Below this line is a listing that includes pictures. Copy exactly, and only, the lines from the one containing "Valentine 2024 Demo" through the one containing "Entwicklung der Guterverkehrsleistung"; the pictures do not go in the copy.

** Supplied material **
^^^^
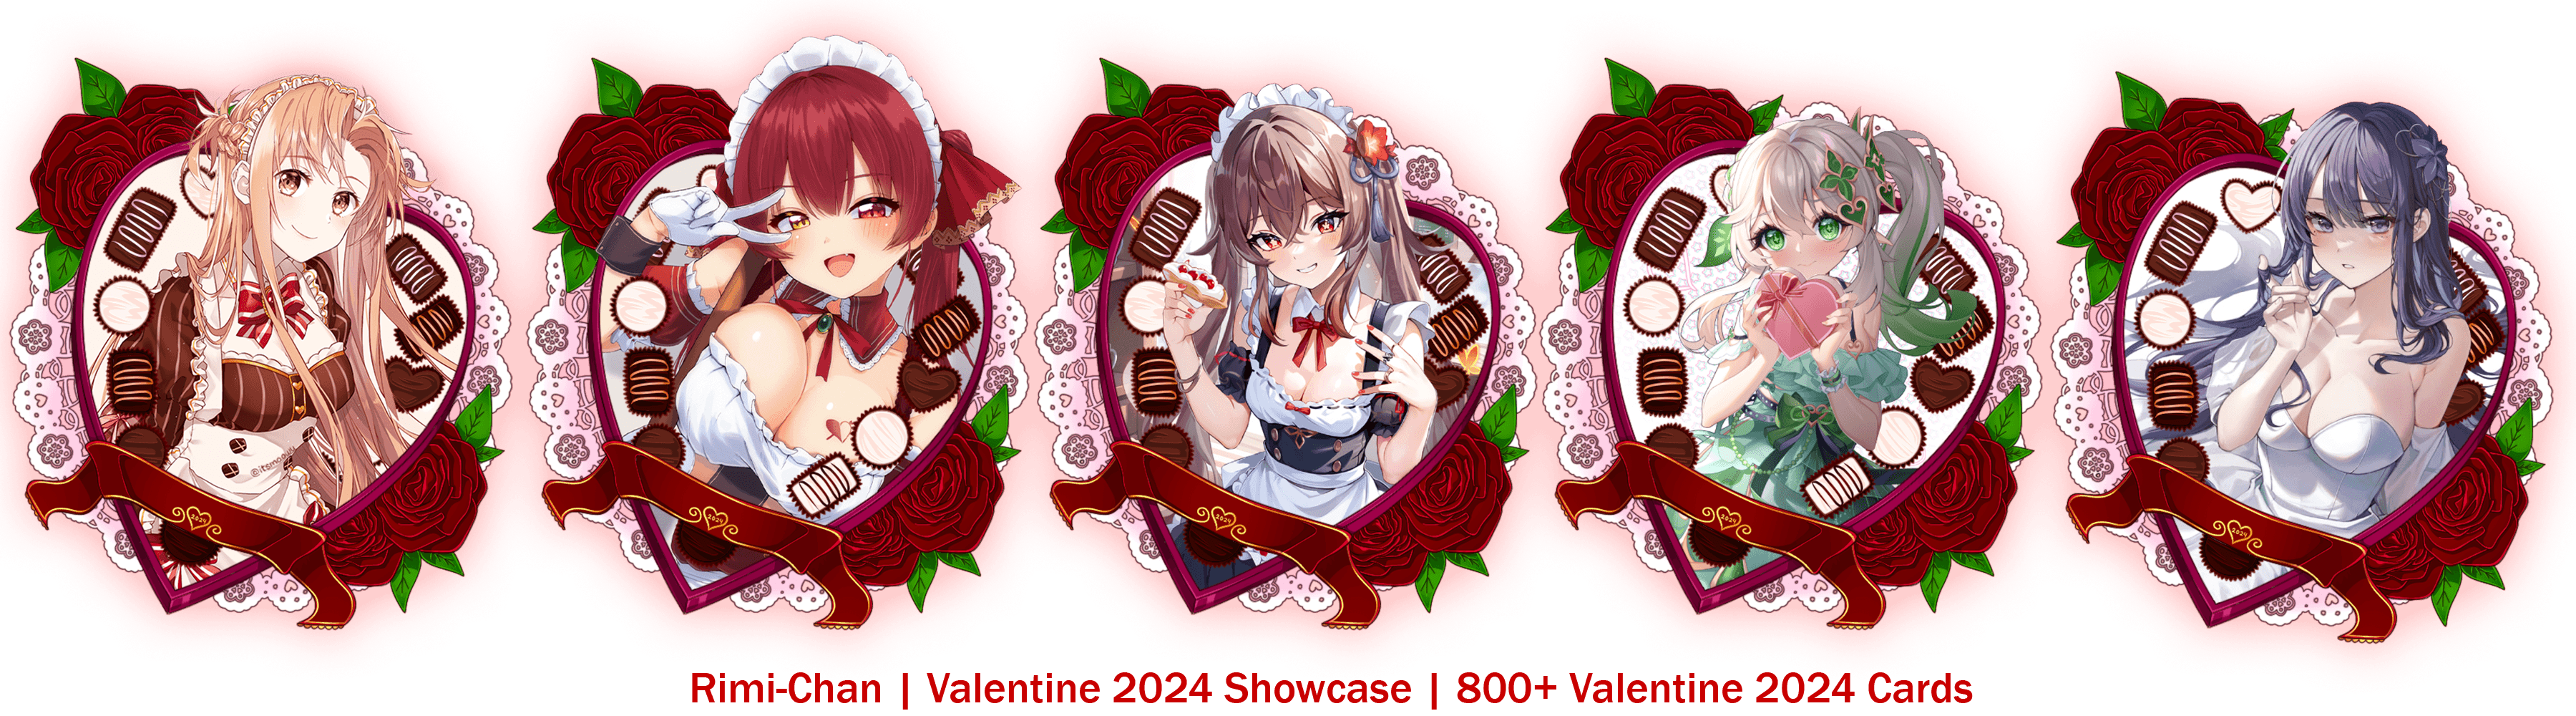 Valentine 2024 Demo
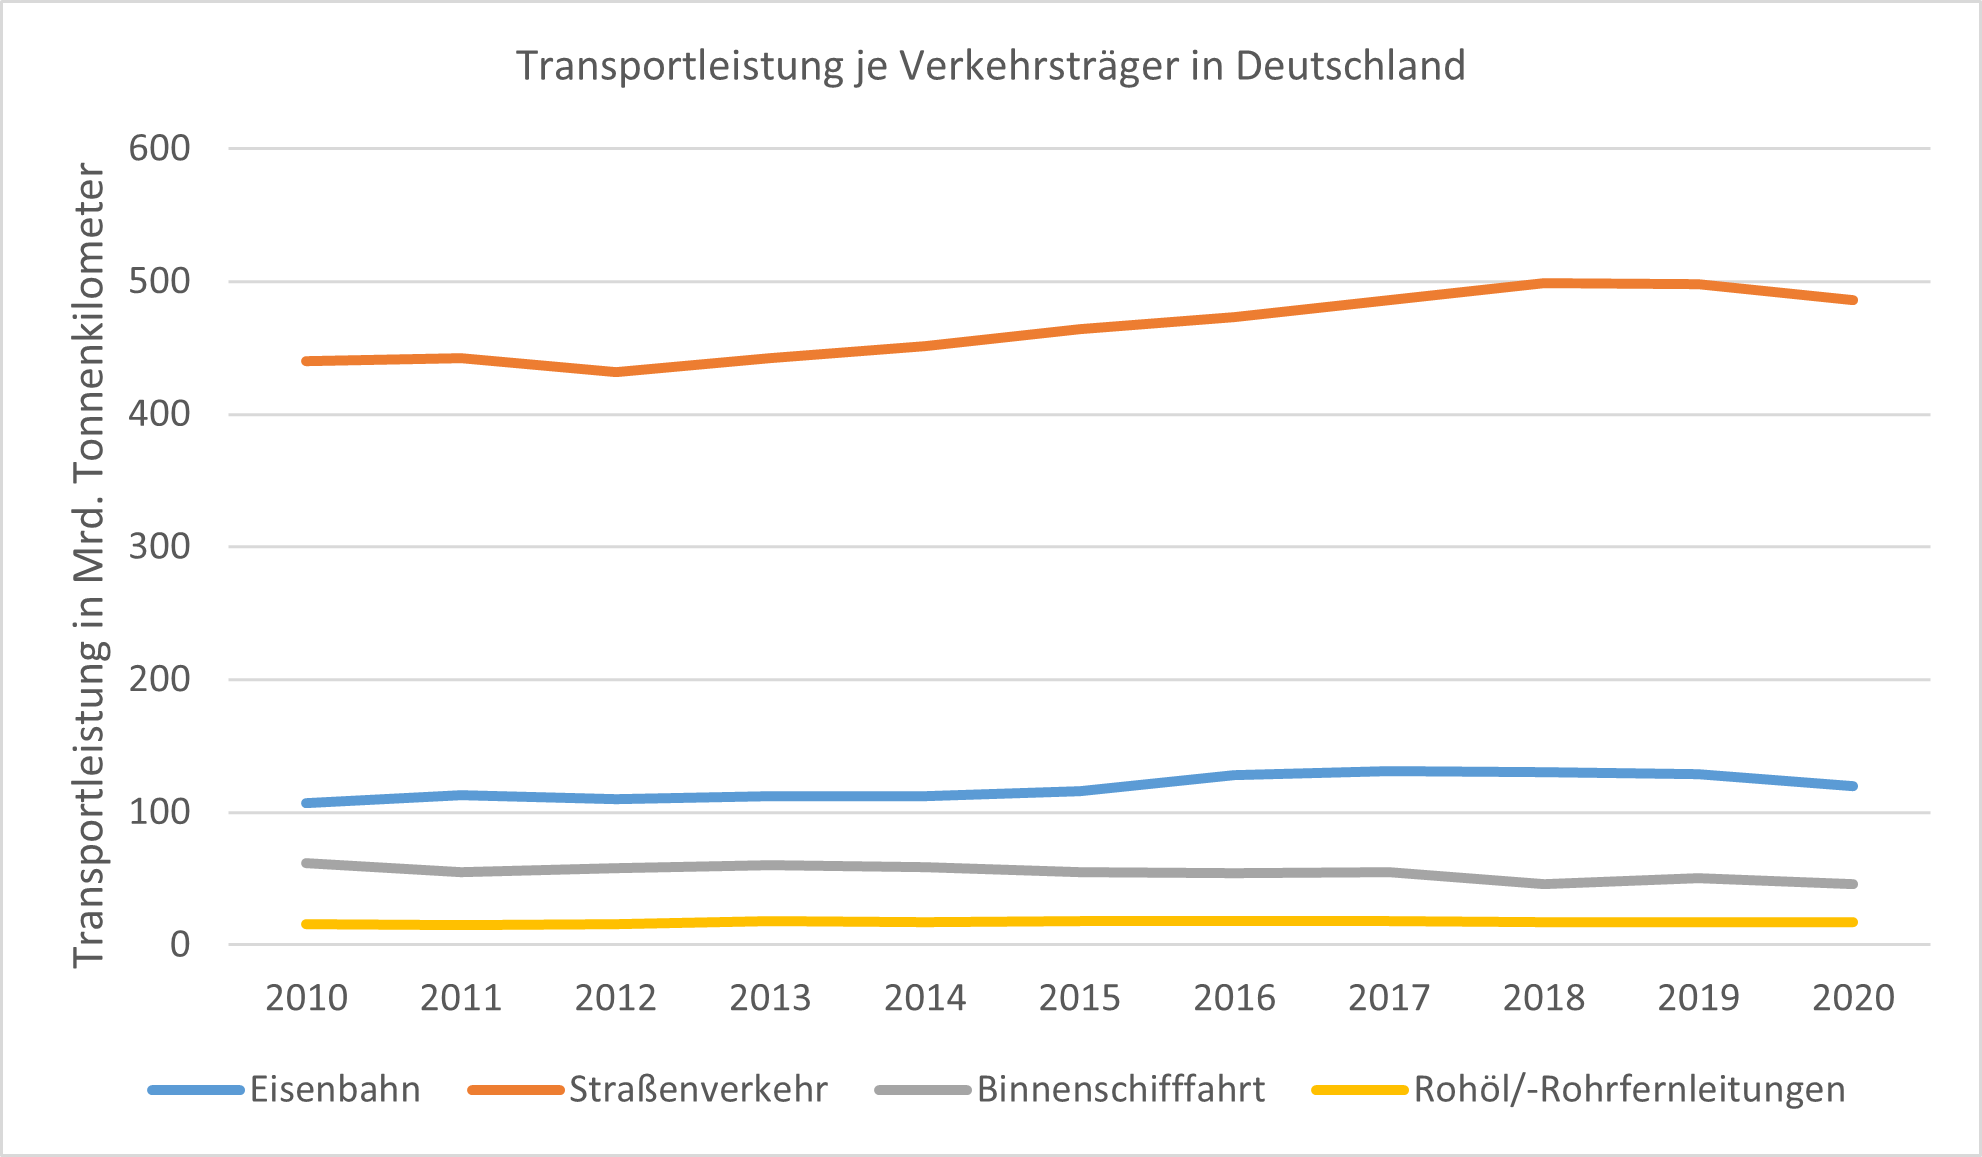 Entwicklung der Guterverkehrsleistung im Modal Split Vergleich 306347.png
^^^^
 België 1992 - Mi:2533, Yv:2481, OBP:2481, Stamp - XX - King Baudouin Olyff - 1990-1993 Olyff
^^^^
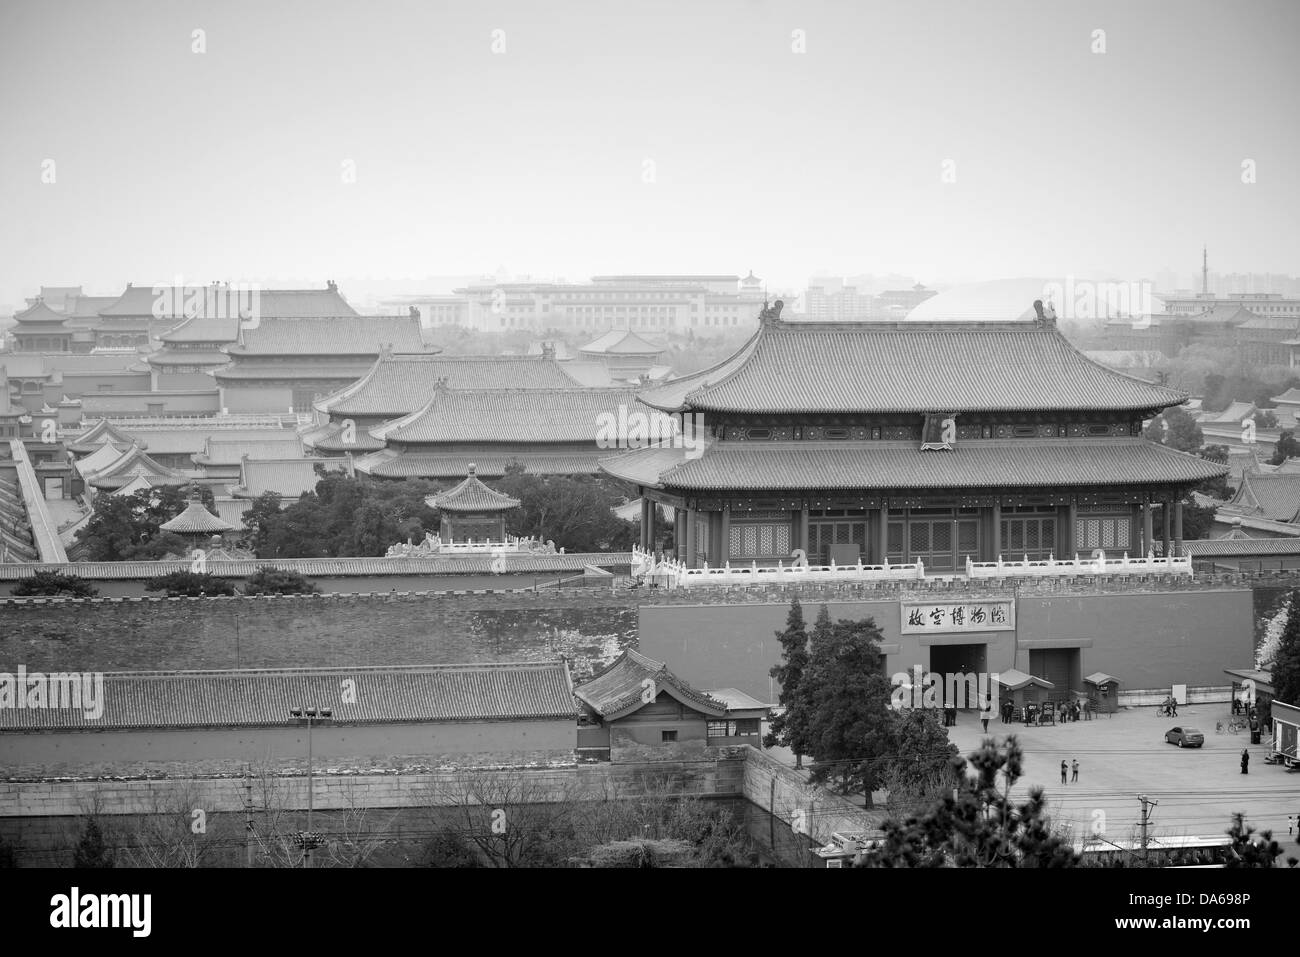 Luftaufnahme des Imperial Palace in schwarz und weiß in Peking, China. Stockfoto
^^^^
** Solution **
 Valentine 2024 Demo
 Entwicklung der Guterverkehrsleistung im Modal Split Vergleich 306347.png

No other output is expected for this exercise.